The Extraordinary Life and Work of Julian Reiss

by Luke Cyphers | History, October 2022

Julian Reiss, center. Photograph courtesy of Peter Reiss

There are lives so well lived, and Julian Reiss lived such a life, that the most basic question is the most difficult to answer: where to begin?

Reiss, born to great wealth in Chicago, struck out on his own to become a self-made entrepreneur in the Adirondacks. Though essentially bedridden for years in his early 20s as he fought tuberculosis in Saranac Lake and Lake Placid, he recovered to become a tireless presence in regional commerce, state government and the Catholic Church. A successful businessman during a time when management and labor were often violently adversarial, Reiss’s Northland Motors—with shops in Lake Placid, Saranac Lake and Tupper Lake—was a pioneer in employee profit-sharing. Despite his establishment roots and his adopted home base in the mostly white North Country, he was a civil-rights crusader who helped pave a way to equal employment rights for New Yorkers of all races, including the baseball great Jackie Robinson—who broke the Major Leagues’ color line 75 years ago. The Reiss legacy persists not just in history books, but in a summer program for New York City youth.

Outside of his work, and his works, Reiss (pronounced “rice”) was an avid skier, a prize-winning sailor, and an ambidextrous tennis player. He was a self-taught pilot; he built his own radio; and he delivered the last five of his and his wife’s six children at home.

All of that, and he founded Santa’s Workshop, too.

We need to start somewhere, though, and Julian Reiss’s most resonant legacy sprang from his fight for equality for all New Yorkers—a fight that reverberated across the nation.

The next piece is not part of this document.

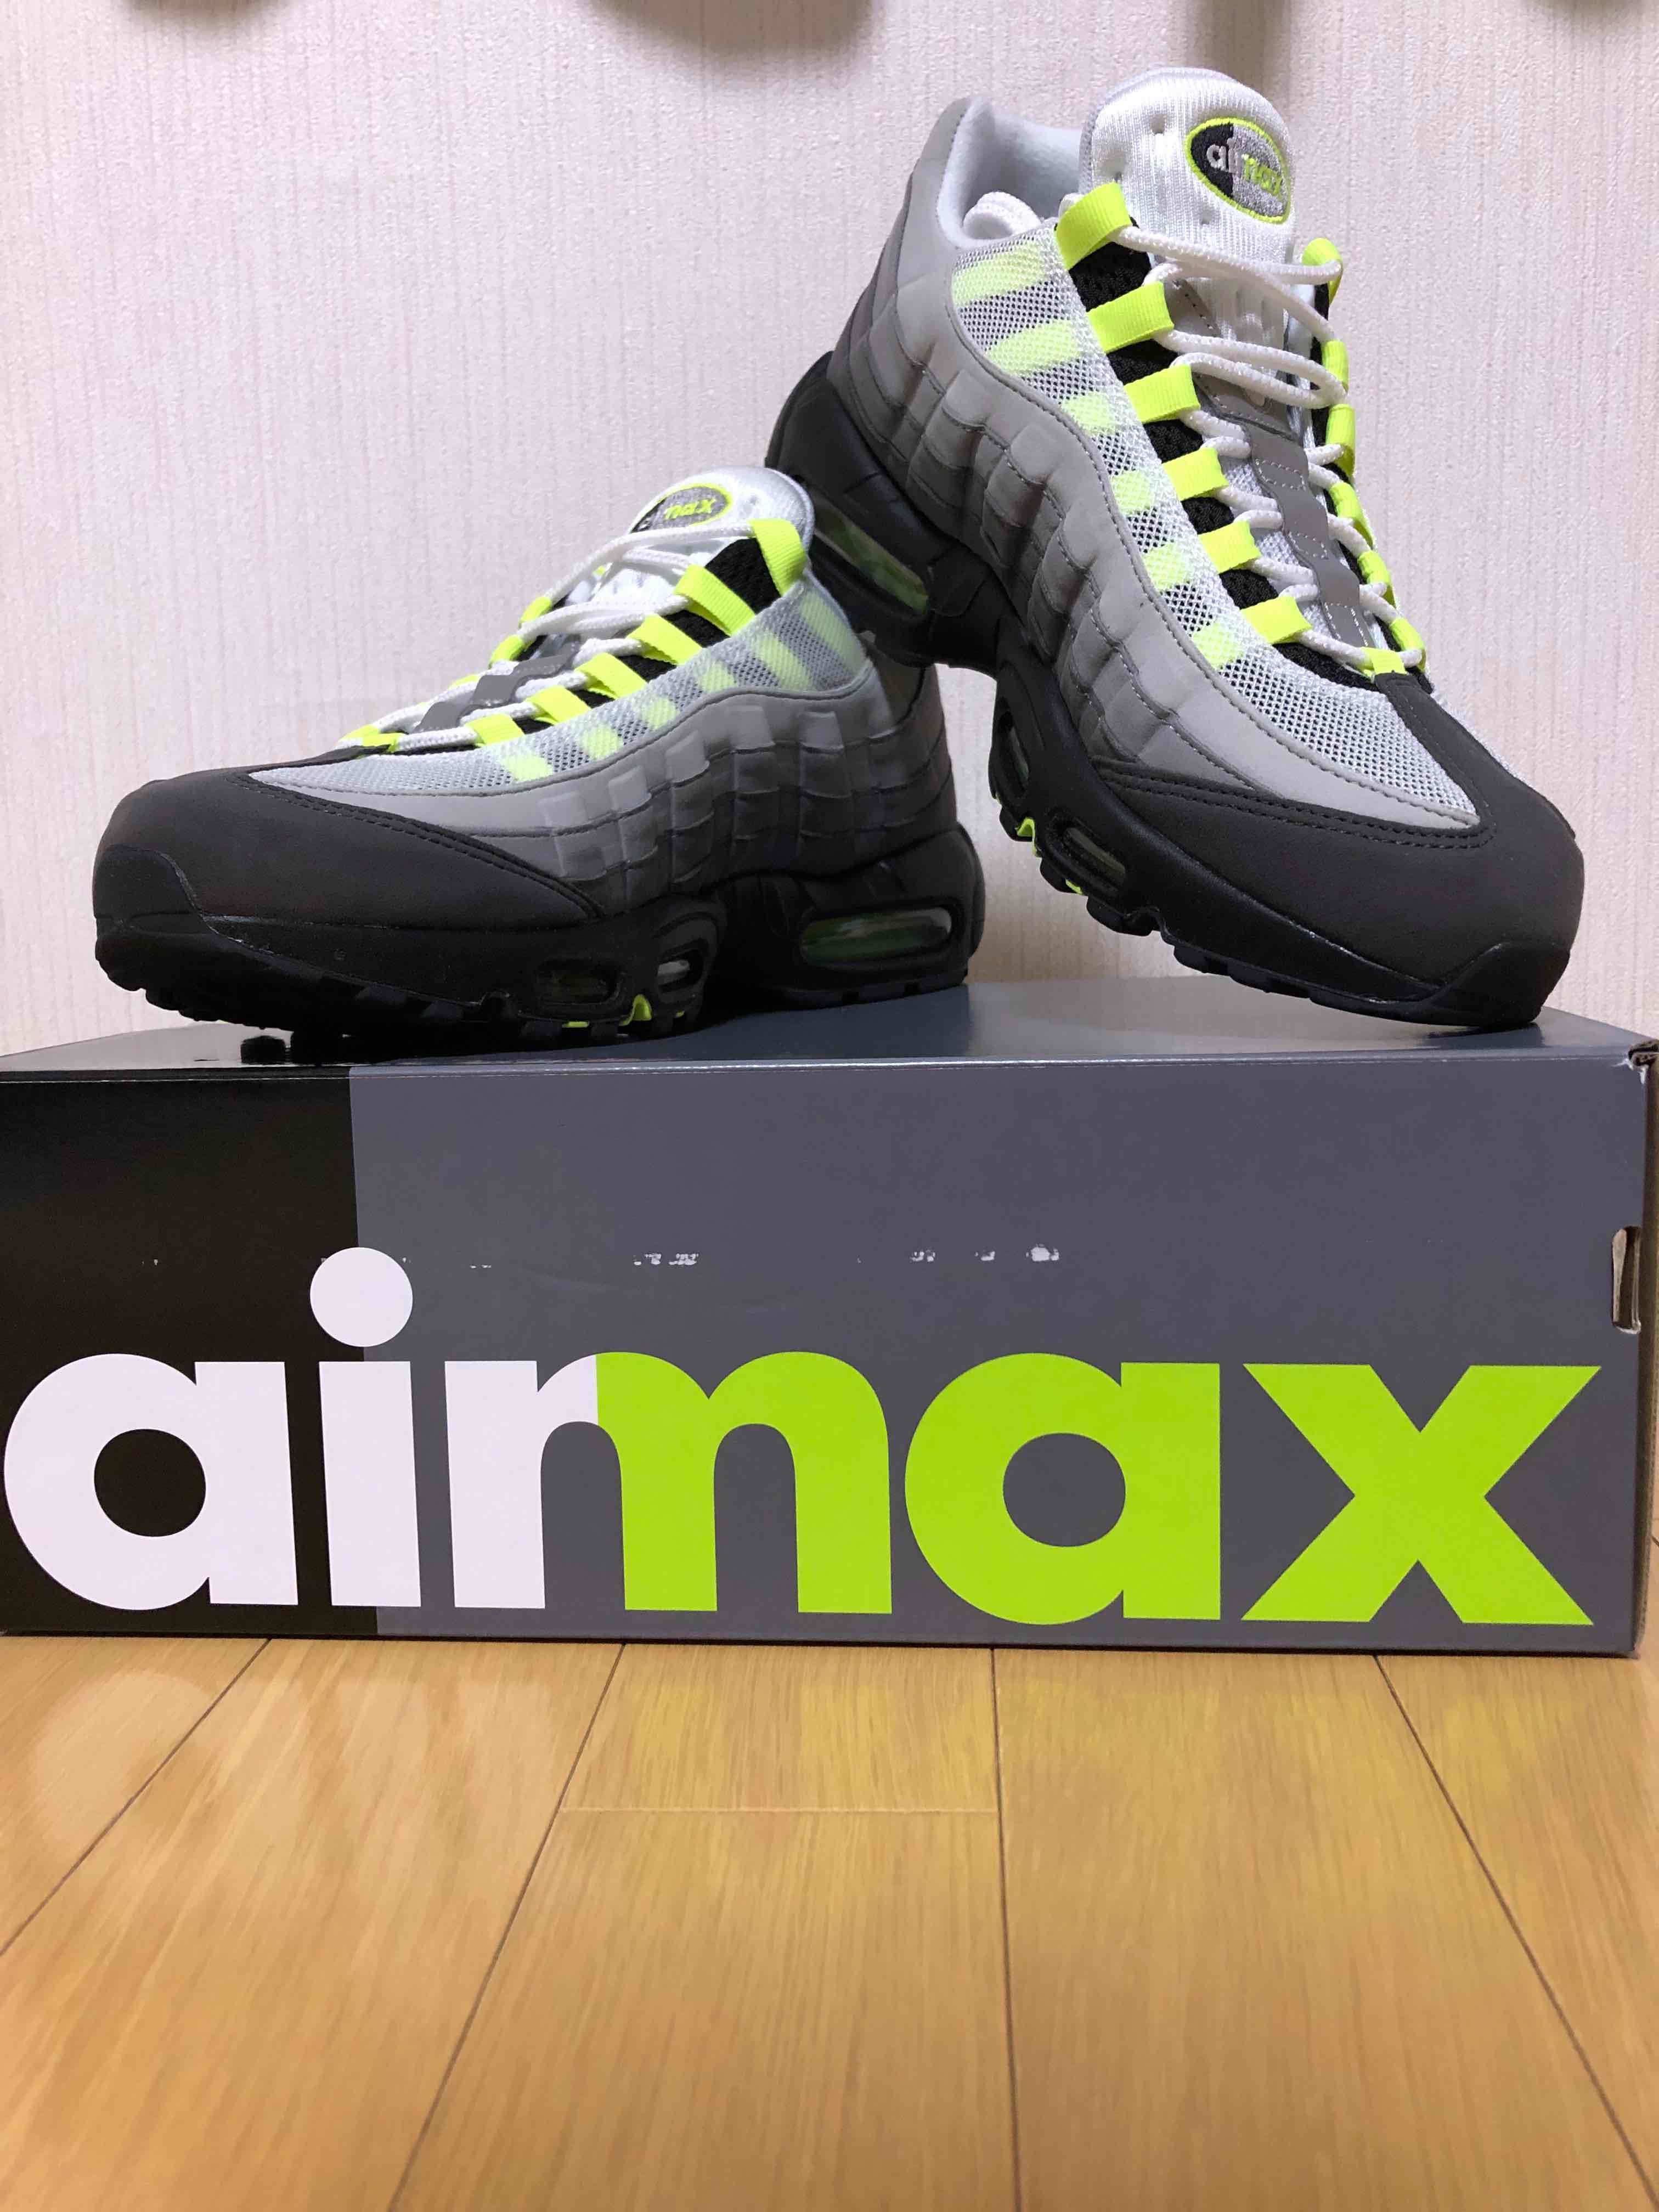 airmax95 イエローグラデ デザインがカッコいい!

The year was 1945, and New York State had just passed the Ives-Quinn Anti-Discrimination Act, the first in the nation to prohibit employment discrimination based on race, religion or national origin.

To investigate claims under the law, the state set up the State Commission Against Discrimination, or SCAD, and from its inception in July 1945 through most of 1947, Reiss served as commissioner. In interpreting the goals of the commission, Reiss leaned toward persuading businesses to change their ways rather than prosecuting them. That drew criticism from some in New York’s Civil Rights Movement, who longed for a more combative stance. Still, in its first year, according to a 1950 Cornell Law Review article, SCAD investigated 283 complaints of discrimination against companies and found 122 of the complaints valid, ordering the employers to eliminate the discriminatory practices.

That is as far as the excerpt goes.